Этими строками закончилась грандиозная песня хора последней части Второй симфонии Малера. Когда финальный аккорд повис в воздухе, в зале воцарилась тишина; дирижёр, завершив симфонию последним динамичным, экспрессивным жестом, замер, словно танцор в магической позе, расправив руки и устремив чарующий, колдовской взгляд к потолку. Грянул шквал оваций. Будто перед Богом, не слыша ничего вокруг и не двигаясь, стоял маэстро ещё несколько мгновений. Капли пота стекали по его лбу, глаза были широко раскрыты, грудь вздымалась от частого дыхания. Казалось, он улетел вслед за последними нотами, слившись с музыкой воедино, став сегодня её двигателем, её проводником. То ли языческого шамана, взывающего к духам, то ли христианского священника, немо вопиющего к Богу, напоминал этот дирижёр на сцене. В этом было как что-то демоническое, так и нечто ангельское. Силу, искренность и правду излучал он, глядя в глаза само́й истине, истине, к которой музыка по нотам привела его.

Вернувшись к действительности, маэстро неторопливо повернулся лицом к рукоплещущему залу и склонился в низком поклоне. Как молод и статен он был, дирижёрский фрак подчёркивал его стройную, пропорциональную фигуру; миндалевидные карие глаза искрились каким-то печальным блеском, словно после прогулки по самым скорбным закоулкам человеческой жизни, – неужели их приоткрыла музыка?.. В зале аншлаг, ни одного свободного места, все до единого аплодировали стоя.

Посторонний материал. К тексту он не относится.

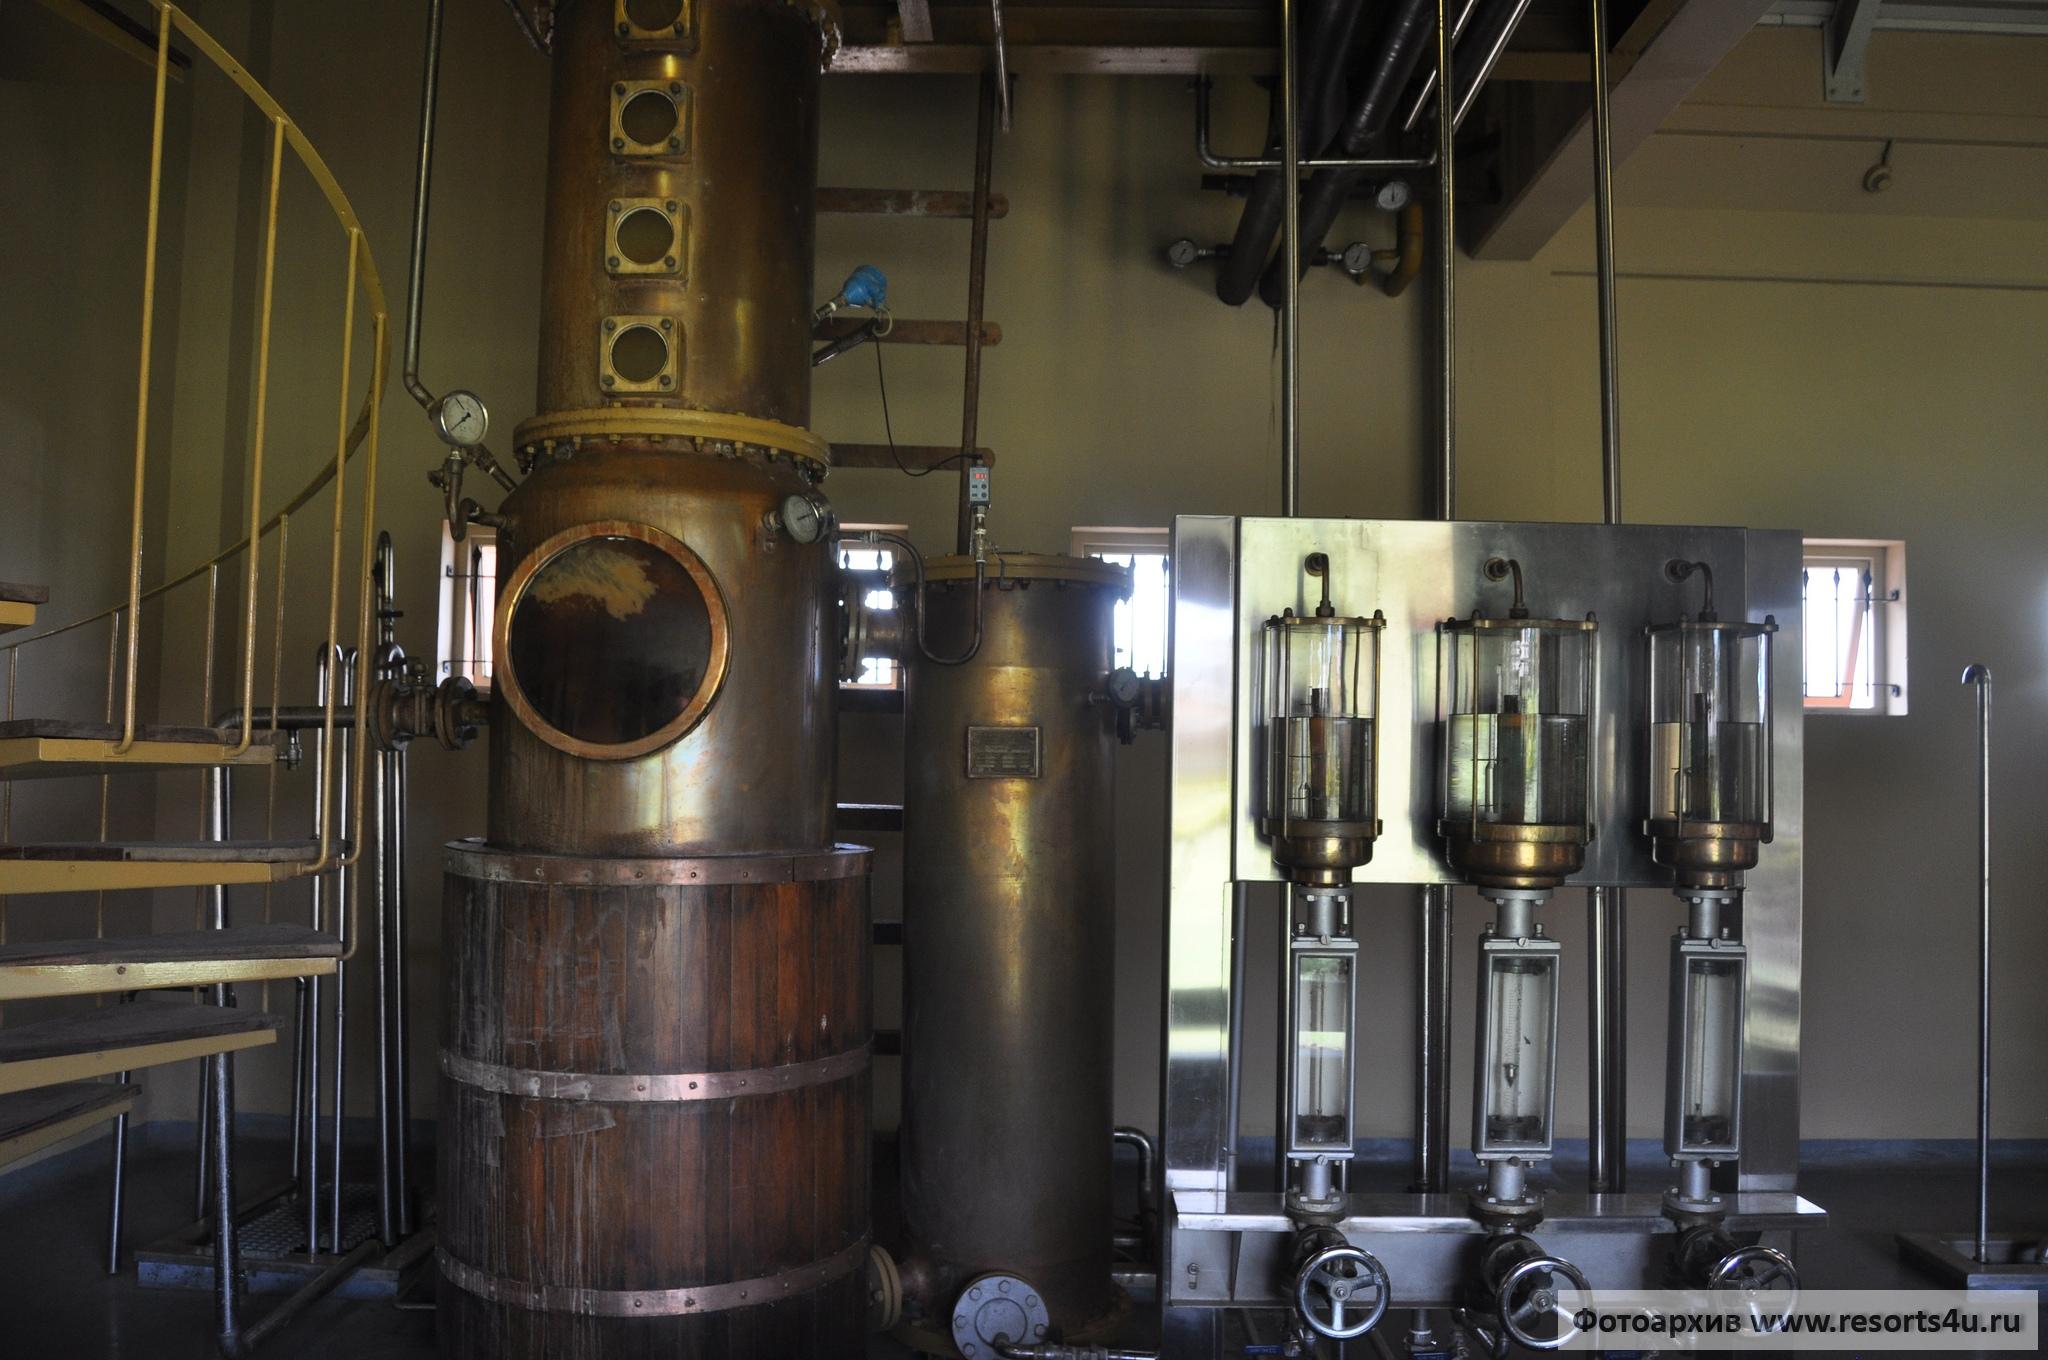 Шамарель. Фабрика рома. Rhumerie de Chamarel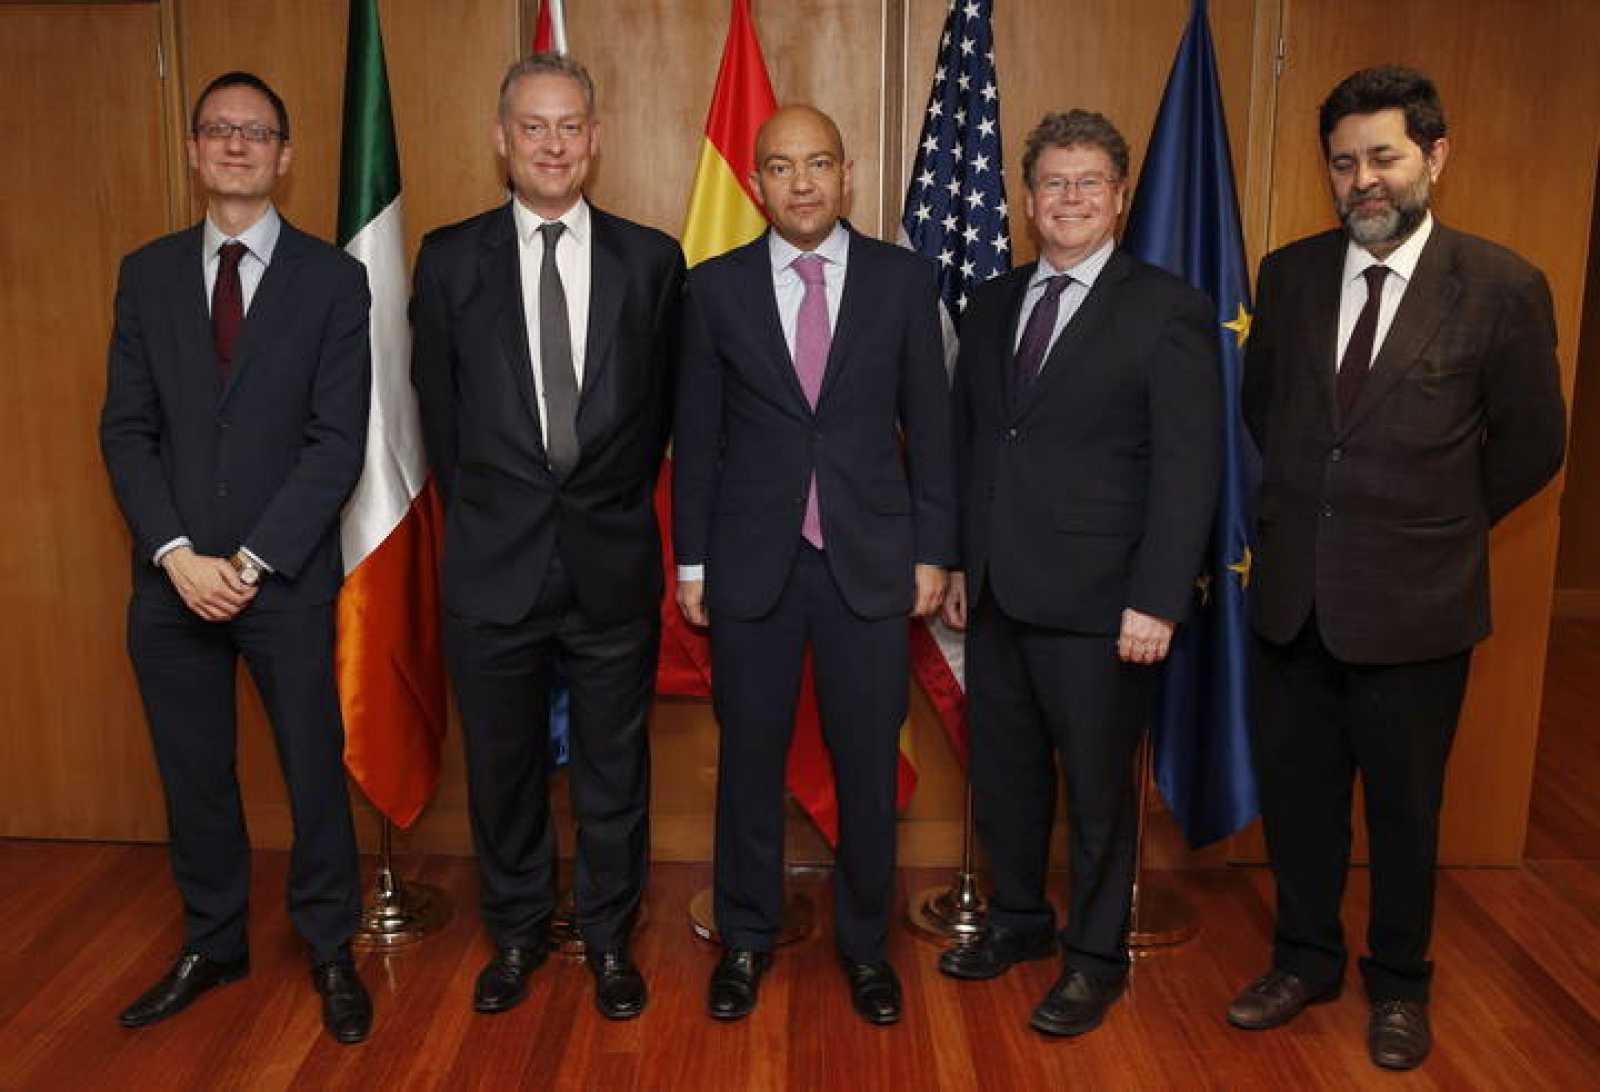 El jefe negociador de EE.UU., Dan Mullaney, y su homólogo de la UE, Ignacio García Bercero, a la derecha de la fotografía, junto al secretario de Estado de Comercio, Jaime García-Legaz

Первые ряды партера занимали ярчайшие представители музыкального мира: легенда мировой музыки – восьмидесятишестилетний композитор Карл Папп с навернувшимися на глаза слезами рукоплескал стоя, опершись на трость. «Блестящее исполнение! – с трепетом сказал почтенный композитор стоявшему рядом высокому седовласому господину. Тот в свою очередь одобрительно кивнул в ответ. – А какие бесподобные вещи пишет этот молодой талант, – продолжил Папп, – я недавно был на его сольном концерте, где он исполнял восхитительные фортепианные прелюдии из своего пятого опуса». Вряд ли сегодняшний концерт оставил кого-то без эмоций, даже закоренелые скептики, люди, далёкие от музыки и от мира искусства в целом, воодушевились великолепной симфонией в исключительном исполнении даровитого дирижёра, в руках которого был весь государственный академический симфонический оркестр. Когда публика начала расходиться, Карл Папп вместе с седовласым господином, продолжая обмениваться впечатлениями, направились за кулисы. Увидев маэстро в окружении нескольких музыкантов, джентльмены прекратили разговор и ускорили шаг.

– Просто превосходно, Эмиль! – воскликнул Папп, обратившись к молодому дирижёру.

– Примите мои поздравления, – добавил седовласый господин, протянув Эмилю руку.

– Моё почтение, господин Папп; премного благодарен, ректор Фредрикссон, я вам очень многим обязан, – ответил Эмиль, поочерёдно поклонившись одному и второму джентльменам. Даже в моменты торжественной радости его лицо оставалось строгим и задумчивым. – Вы очень много для меня сделали, господин Фредрикссон, все эти годы, что я учился в консерватории, вы были рядом и никогда не оставались равнодушным ни к одной моей проблеме; а вы, господин Папп, всегда будете для меня оставаться ярчайшим музыкальным светилом и путеводной звездой на моём подчас непростом пути.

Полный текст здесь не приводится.